A really good "bottom job" followed, I managed to get 5litres of equally pricy Seajet antifouling on all three hulls, since AB was likely to spend next winter afloat. Stella arrived by Easyjet to Corfu then bus down the coast, finally alighting at Action airport from where I recovered her in a car lent by the kind Italian yachtsman who was preparing his own trimaran alongside AB. After saying our goodbyes to George Tsiligiris the owner of Ionian Marine, we were quickly slid into warm gulf of Amvrakia. No deck work had been done at all while ashore, one must concentrate on the hulls, so we motored over to anchor north of Preveza off Zika's hotel for a day and night, to bend on the sails and inflate the dinghy plus all the other little jobs needed. Preveza is not the prettiest town but we had a good meal ashore and Stella photographed lots of Swifts and Bats emerging from old houses at dusk.

On Tues 11th June we motored out of the Preveza channel into the fresh seabreeze with the Yanmar powering well from the new tank and fuel lines. Running down to Levkas we made the 2pm bridge opening and were anchored off Sioux Sails by 4pm, altho we moved to spend the night south of the boatyard at Vliho after receiving a gale warning for the first night. Surprise dinner onboard became Croatian tinned pork enlivened with garlic and peppers. Back to the Sioux Sails anchorage in the calm morning, where we collected the pre-ordered aft bimini extension and sailcloth tramps that protect the cockpit, from Sue Carter! All fitted well and we spent the rest of the week here socialising with Sue Keane and her family, while preparing AB for longer trips, plus siesta-ing in the afternoon heat!
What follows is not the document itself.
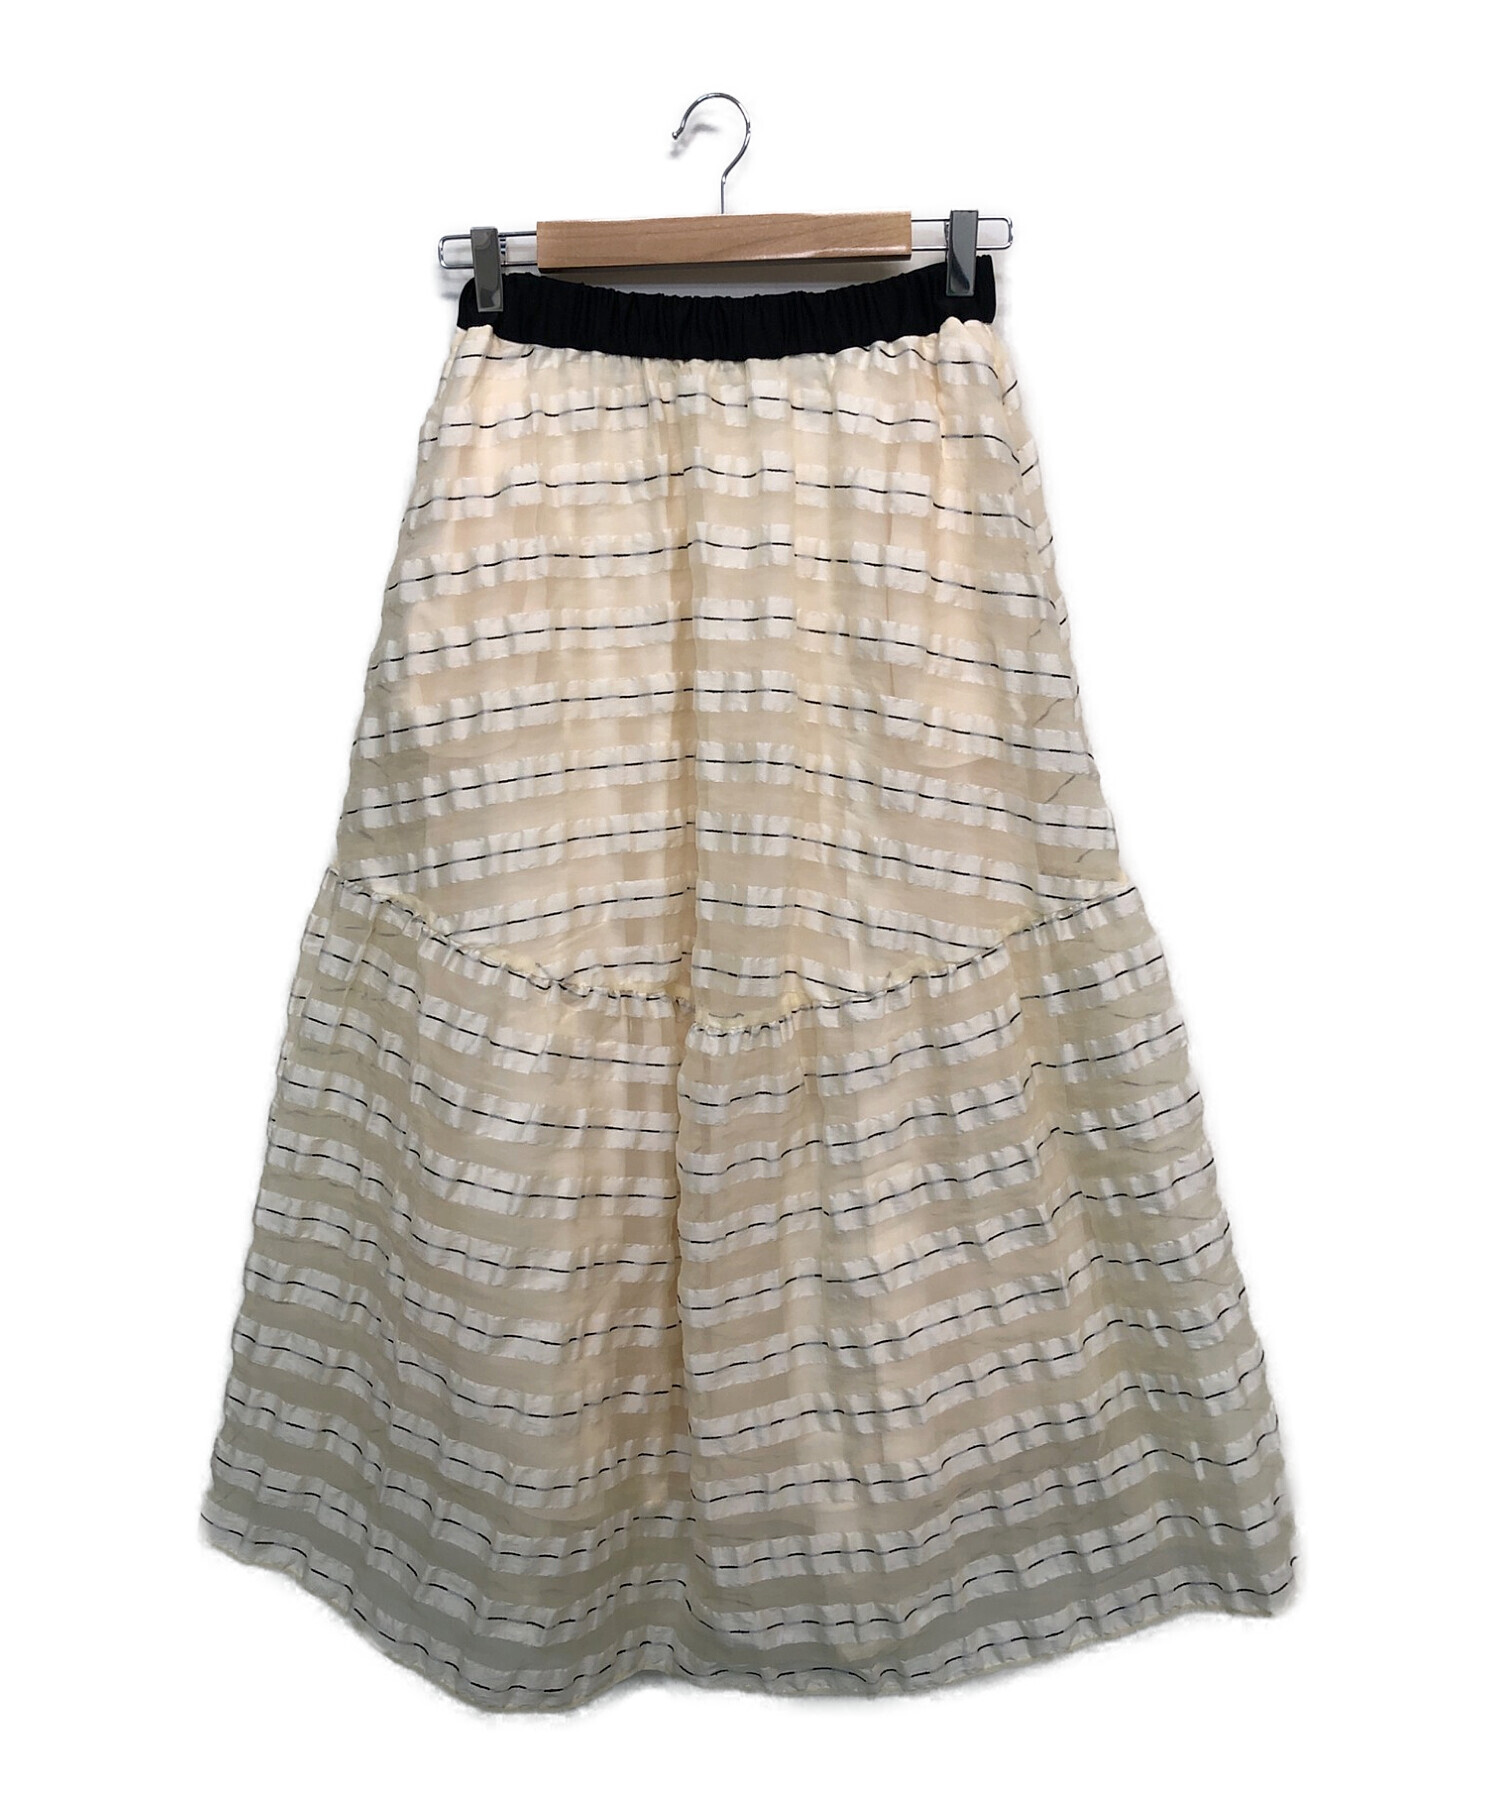 COEL (コエル) オリジナルジャガードボーダースカート アイボリー サイズ:38

Our trip really started on Sat 15th. Up early to rinse all the mud off the ground tackle and invert the dinghy. We made the 10am Lefkas bridge then motor sailed north until the regular sea breeze piped up, whereupon we bore away slightly and romped into Parga bay at good speed for a night at anchor. The town discos did not stop till 5.30am!! On Sun morning I ascended the mast to reeve the MPG halliard, ever hopeful of light winds. Then of course we motored west past Paxos and the south tip of Corfu, where the wind completely deserted us all day. By early afternoon I decided we did not have enough fuel to motor all the way to Sicily, so we turned back and motored up the east coast to anchor off Corfu town. Where we heated up a very good spicy Bart's curry, while admiring the waterfront buildings with their Swifts screeching and wheeling overhead. We were at Gouvia fuel quay before it opened at 8am the following morning. However the lady attendant soon called me (while Stella was away shopping), and I managed to get 112litres of diesel into the new tank plus all the jerry cans onboard, price 170euros!!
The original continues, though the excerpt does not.